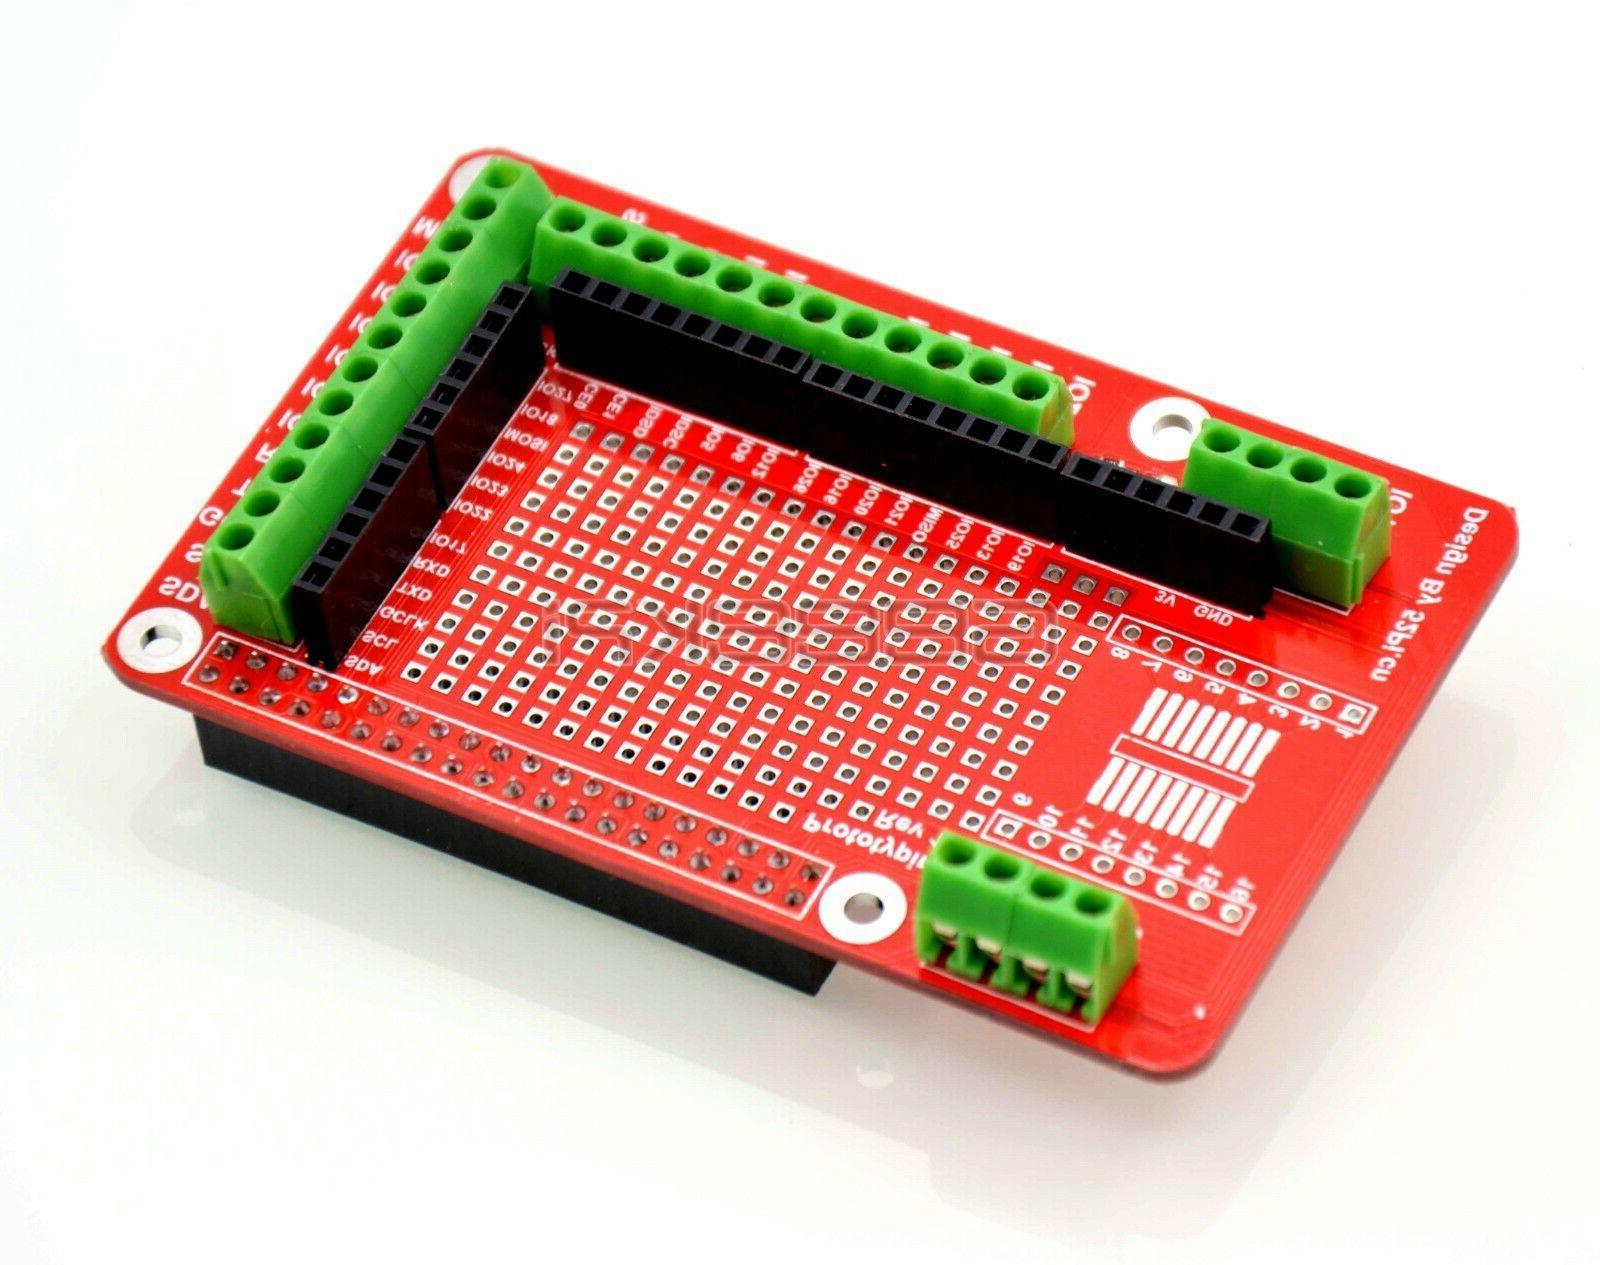 Raspberry / 3B prototype Pi board Pi
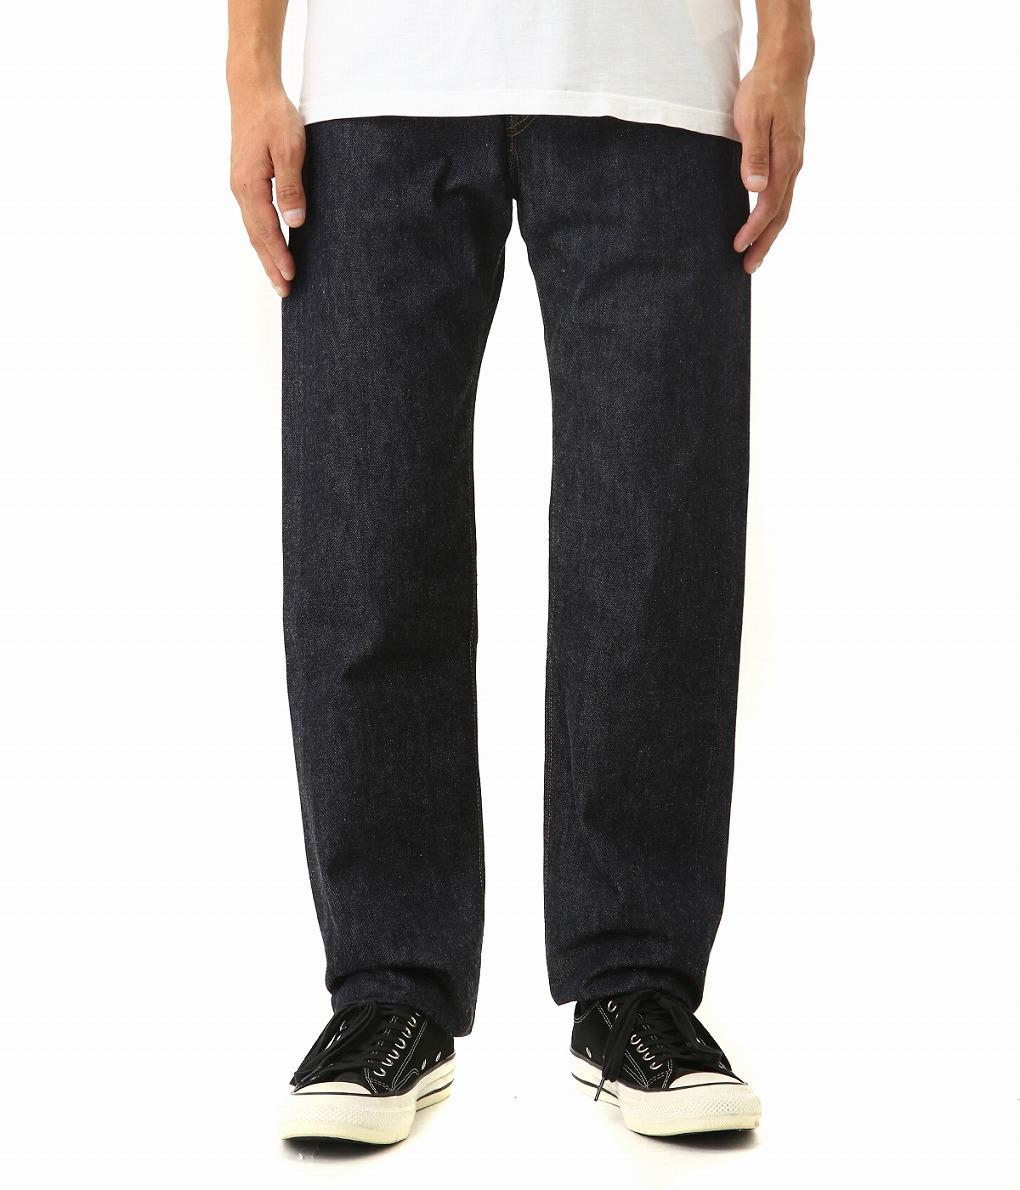 LEVIS VINTAGE CLOTHING / リーバイス ヴィンテージ クロージング : 1954 501 Jeans(レングス34inch) : デニム ボトムス ジーパン ズボン 501 リーバイス : 50154-0068-L34 【AST】
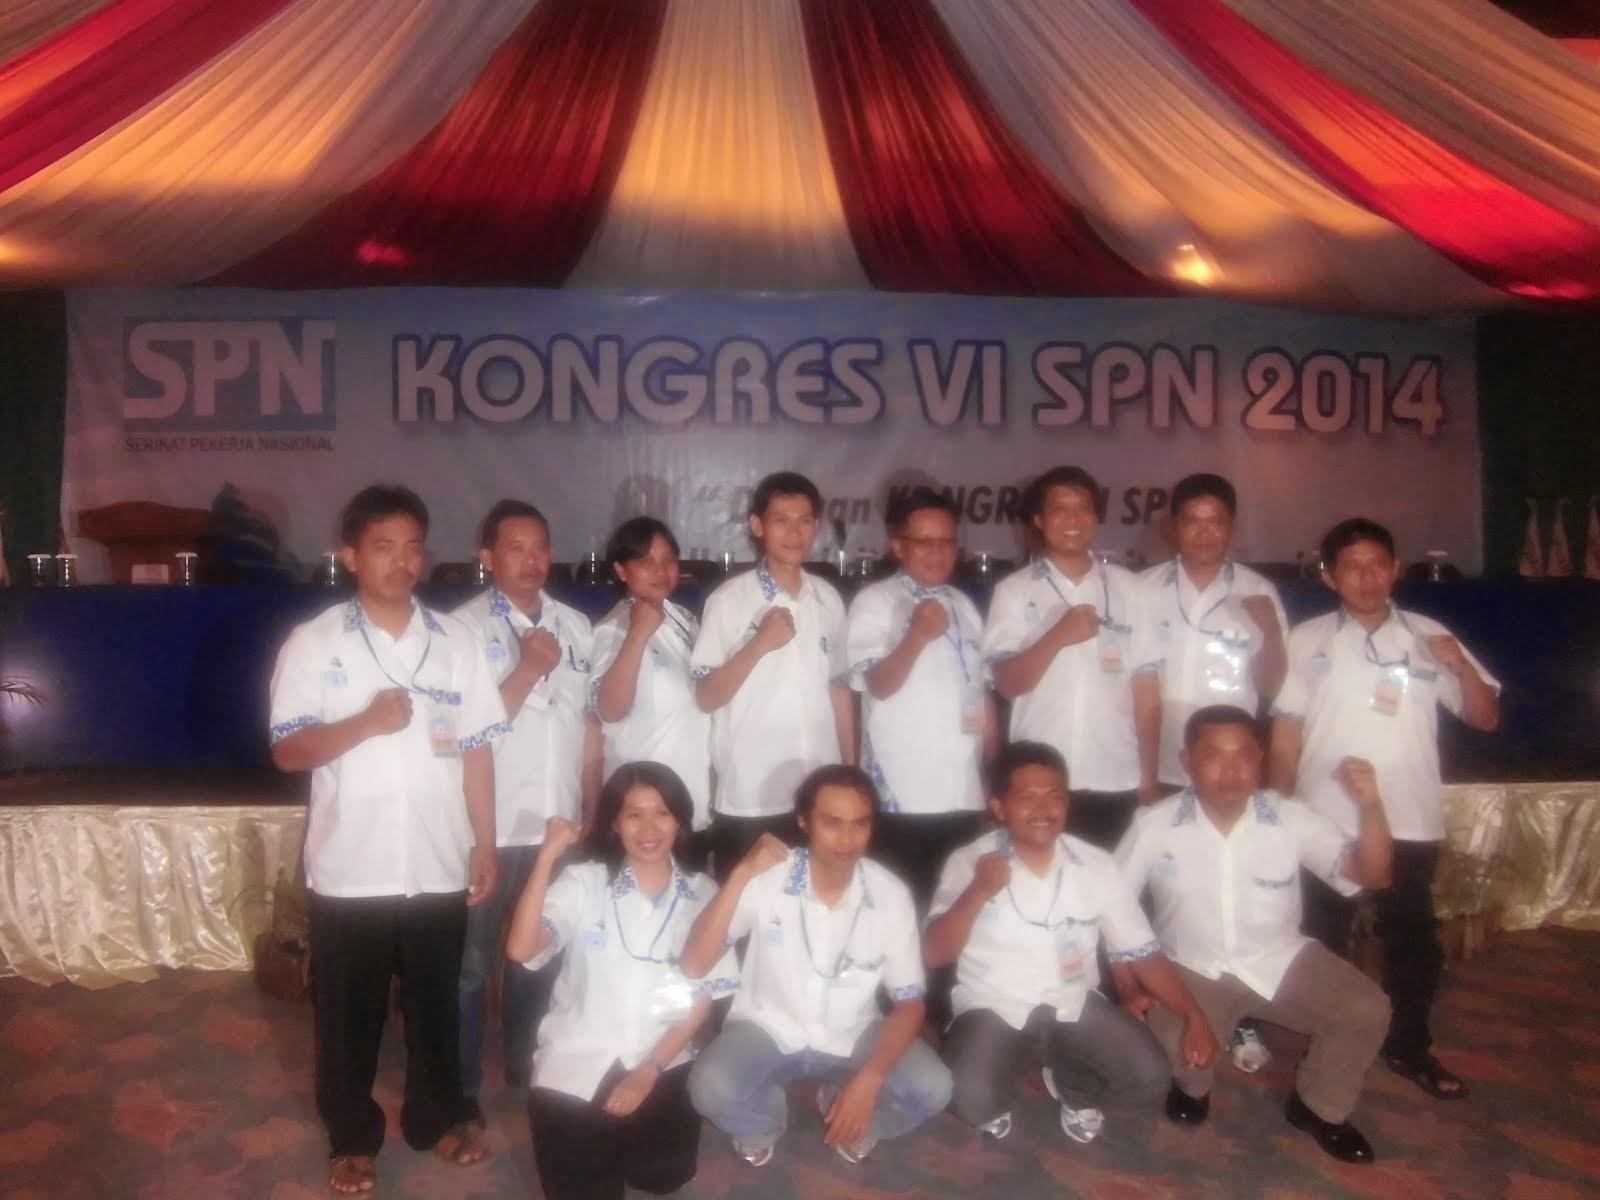 Kongres VI SPN
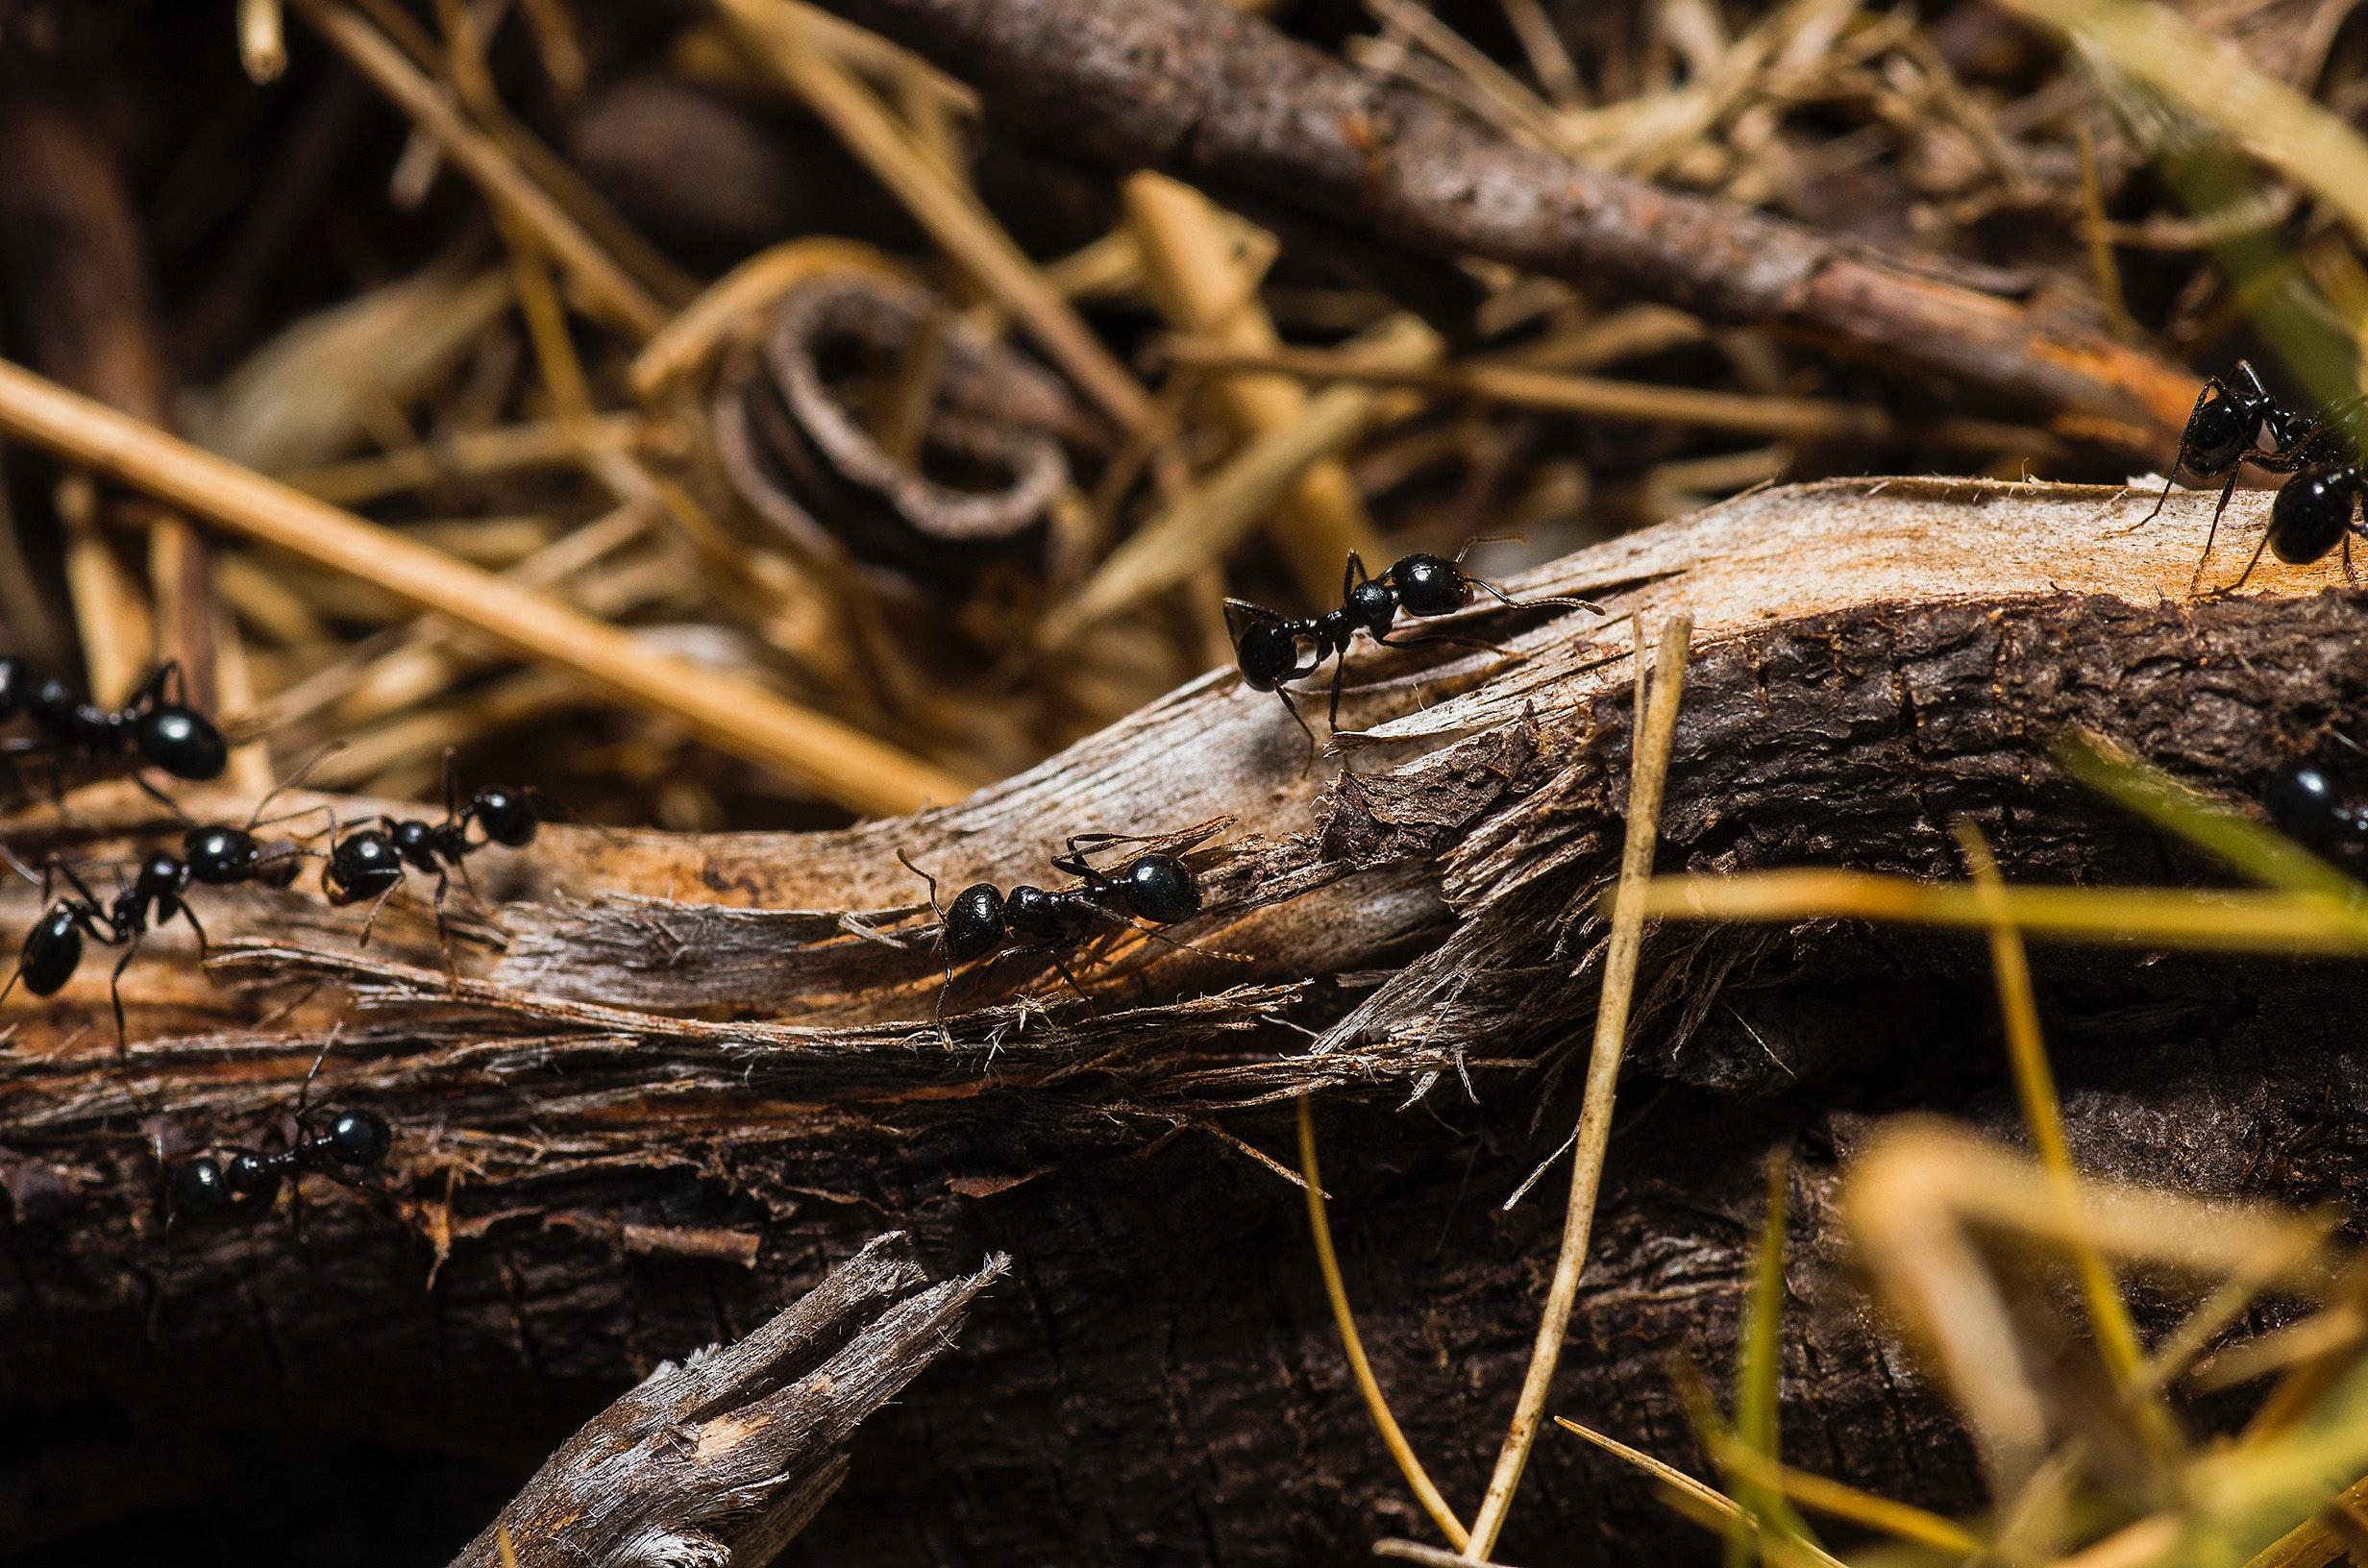 Black Ants on Brown Tree Trunks, Animal, Macro photography, Wildlife, Wild, HQ Photo

________________________________________

» **TASK OBJECTIVE**:
Produce a word-for-word version of the material, with no pictures included.

» **RESULT FOR THIS EXERCISE**:
 Raspberry / 3B prototype Pi board Pi
 LEVIS VINTAGE CLOTHING / リーバイス ヴィンテージ クロージング : 1954 501 Jeans(レングス34inch) : デニム ボトムス ジーパン ズボン 501 リーバイス : 50154-0068-L34 【AST】
 Kongres VI SPN
 Black Ants on Brown Tree Trunks, Animal, Macro photography, Wildlife, Wild, HQ Photo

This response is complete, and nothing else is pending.